• DATA FOR REVIEW
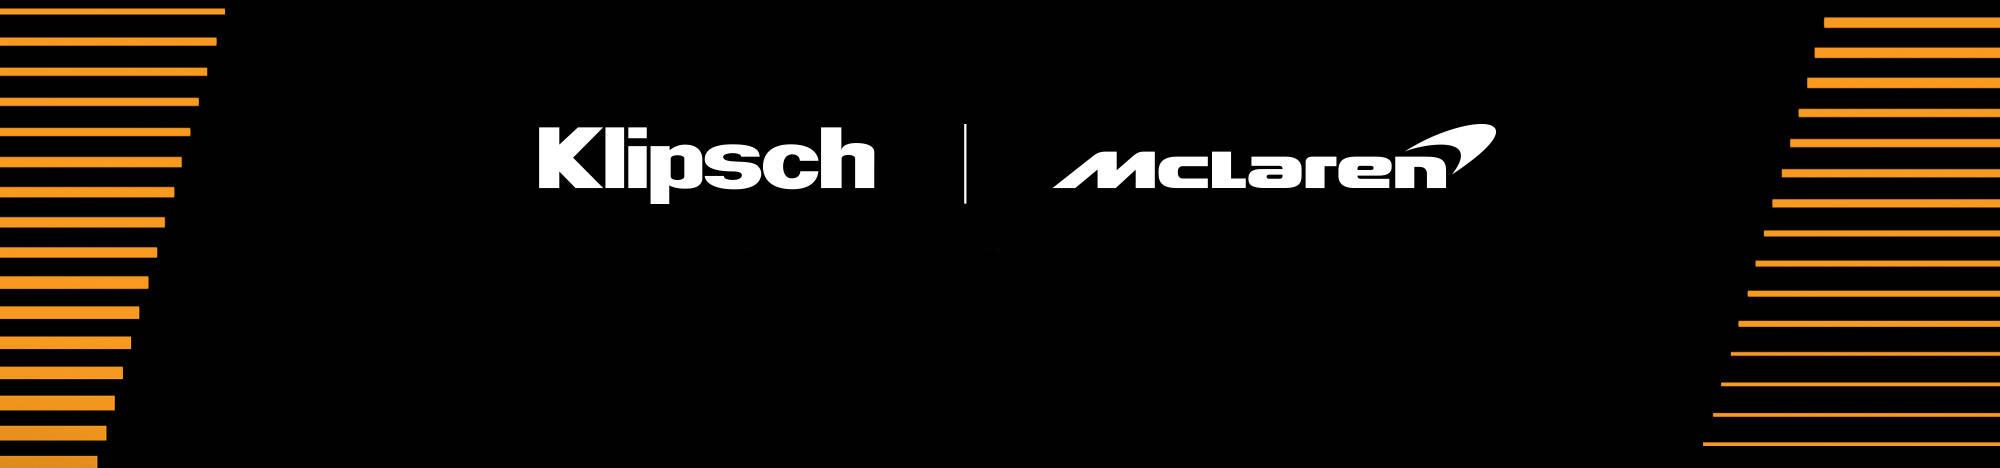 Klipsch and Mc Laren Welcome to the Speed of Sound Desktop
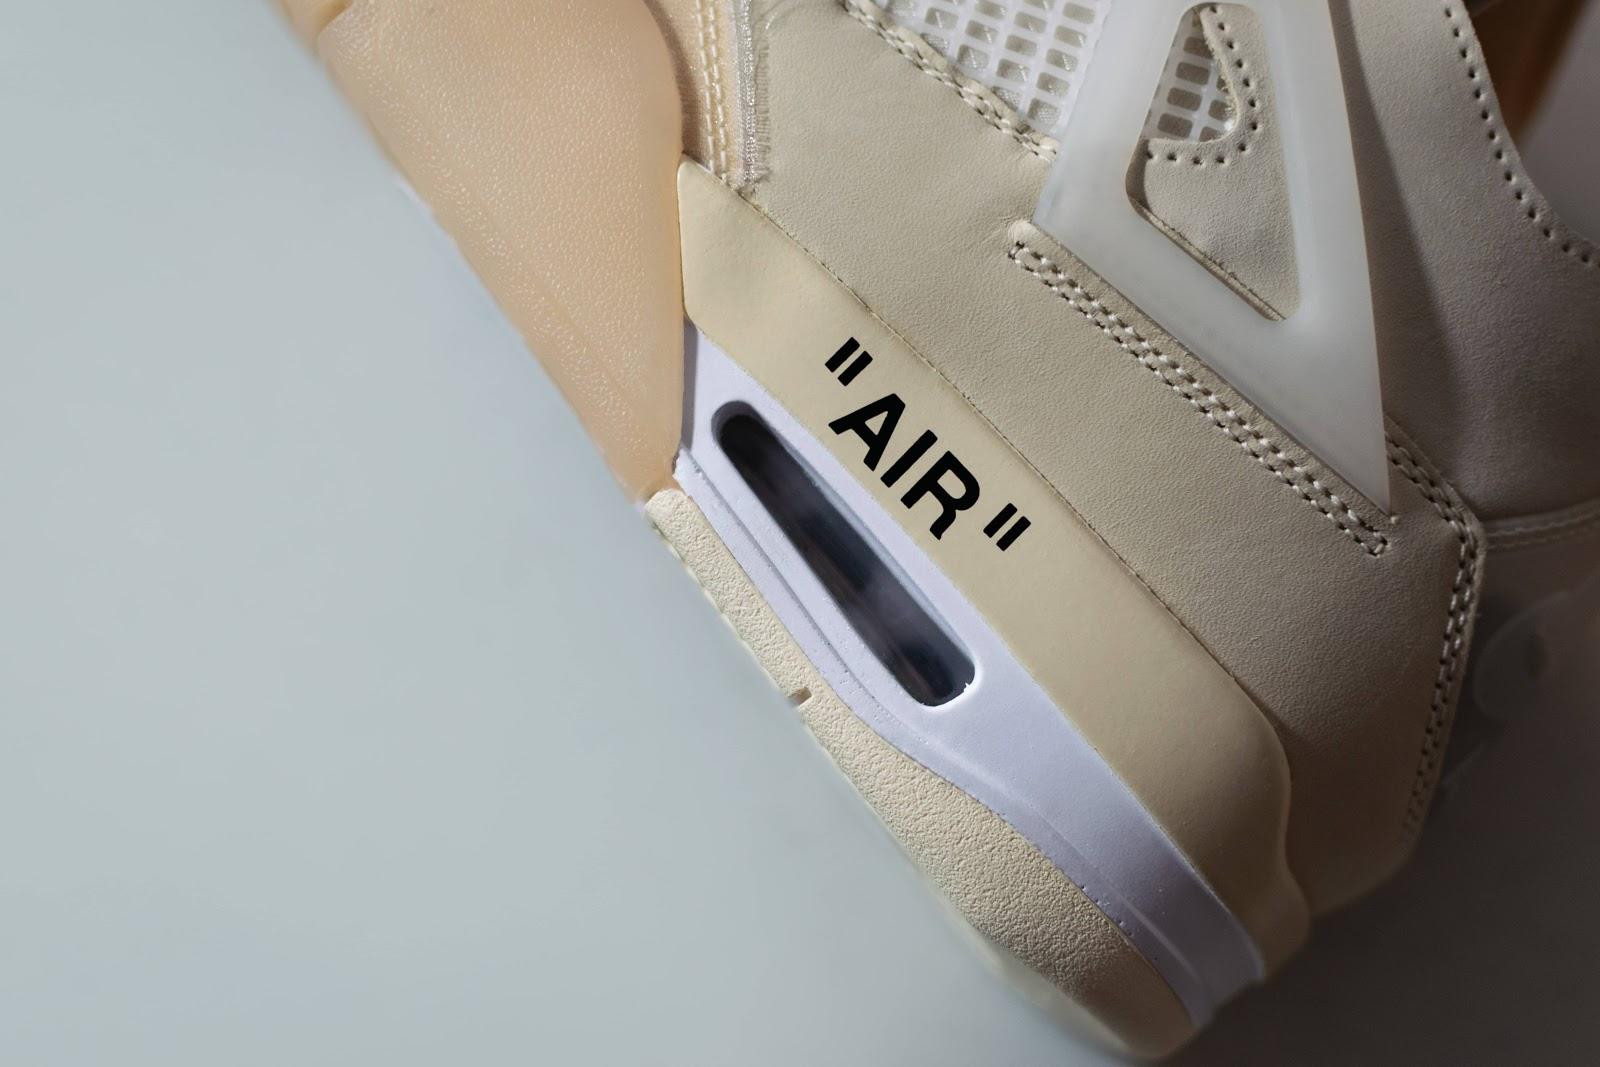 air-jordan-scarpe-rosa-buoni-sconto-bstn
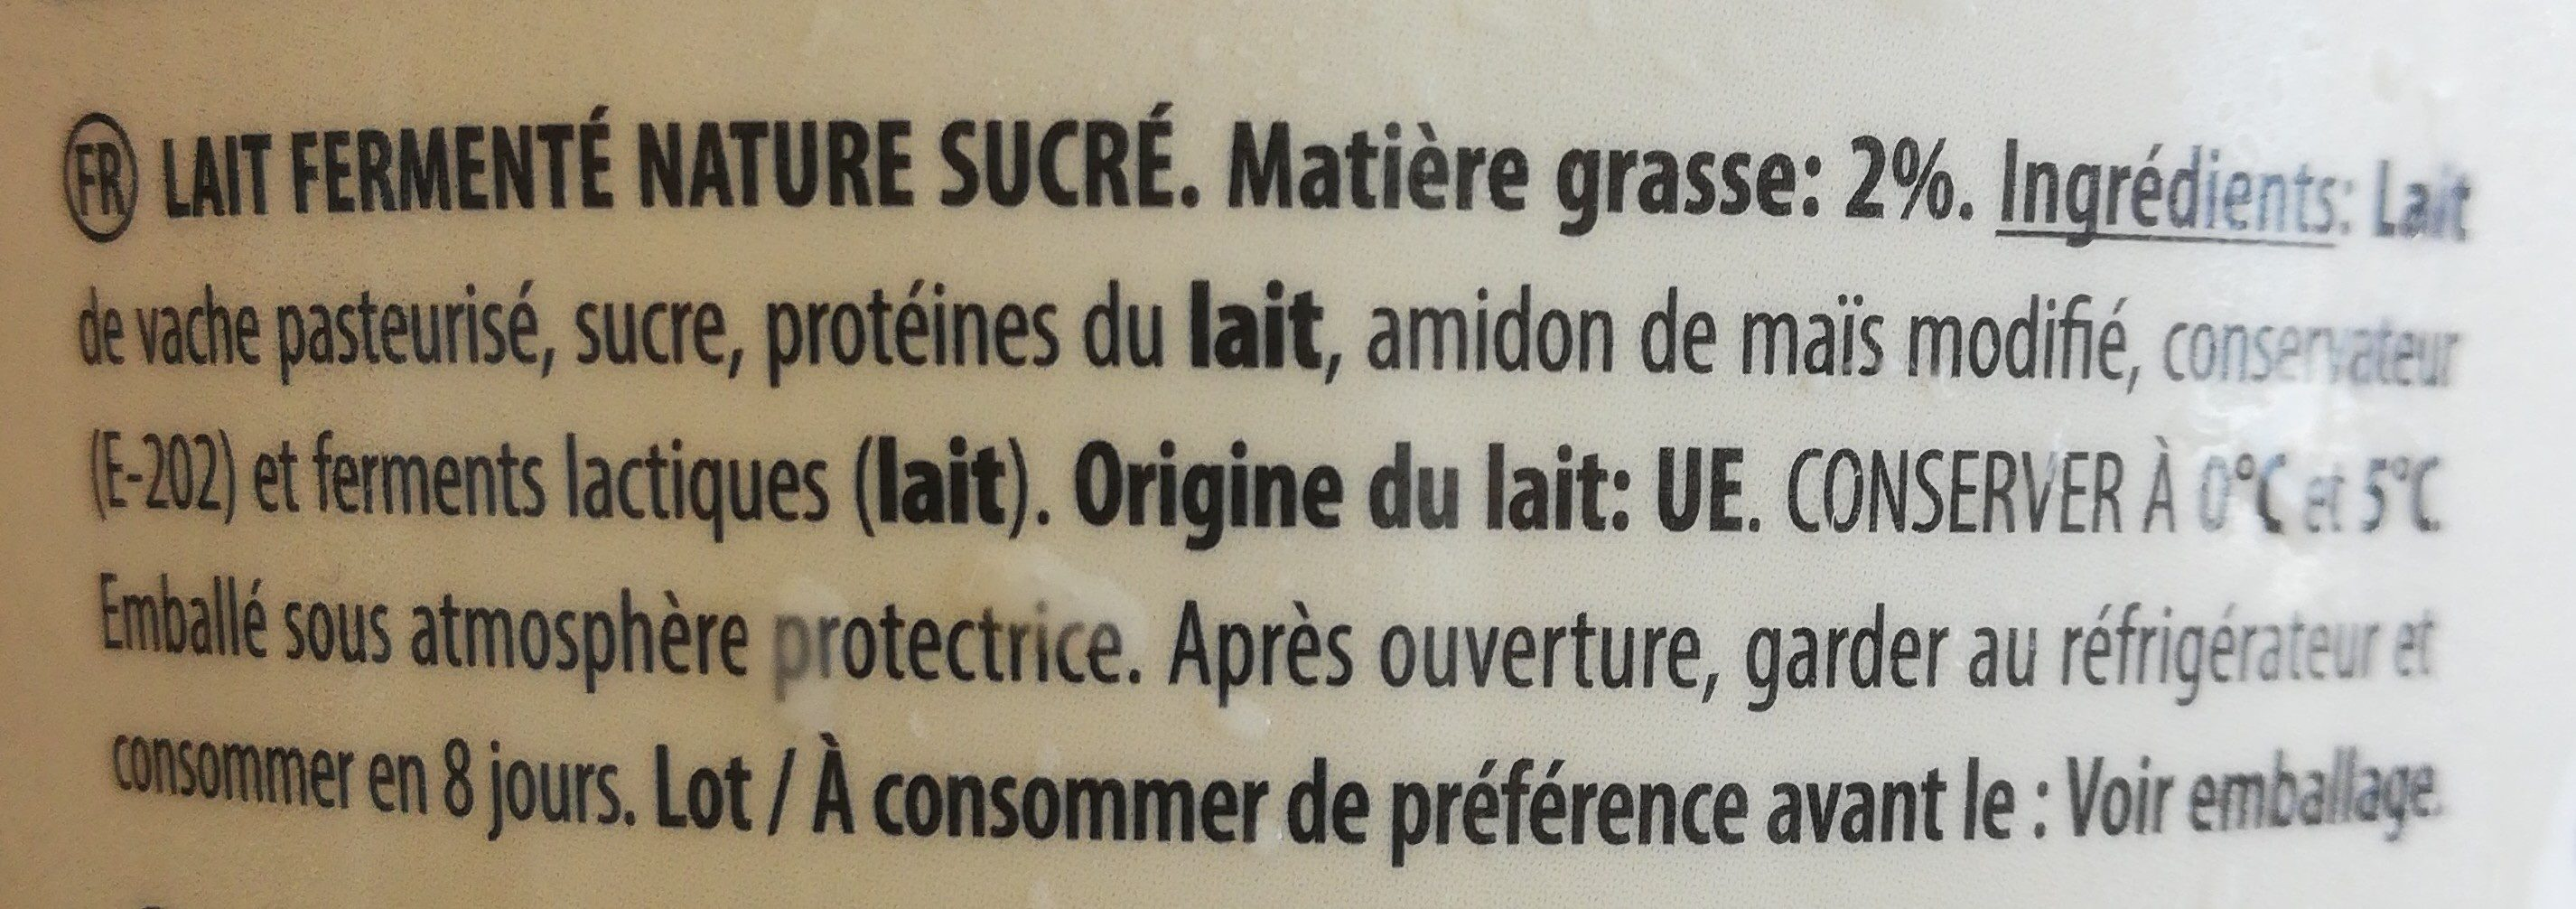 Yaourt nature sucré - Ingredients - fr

...

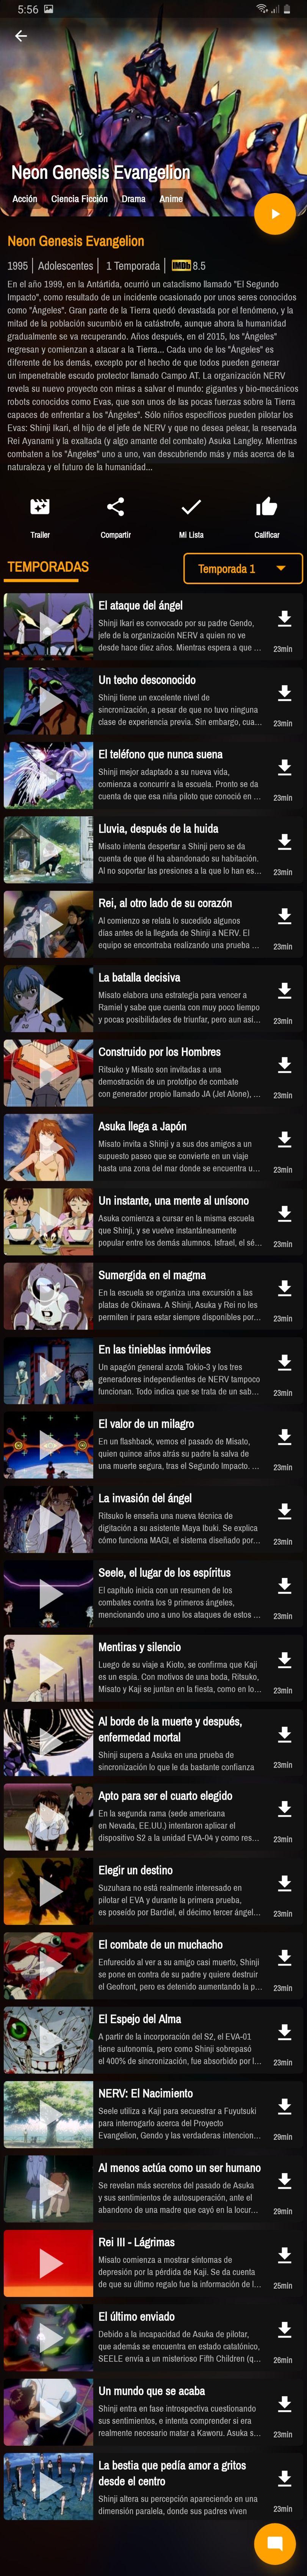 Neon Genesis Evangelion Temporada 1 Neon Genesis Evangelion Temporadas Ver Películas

• WHAT THE EXERCISE ASKS
Leave out every picture, and copy exactly the lines above starting at the one holding "air-jordan-scarpe-rosa-buoni-sconto-bstn" and ending at the one holding "Yaourt nature sucré - Ingredients - fr", no more and no less.

• REPLY
 air-jordan-scarpe-rosa-buoni-sconto-bstn
 Yaourt nature sucré - Ingredients - fr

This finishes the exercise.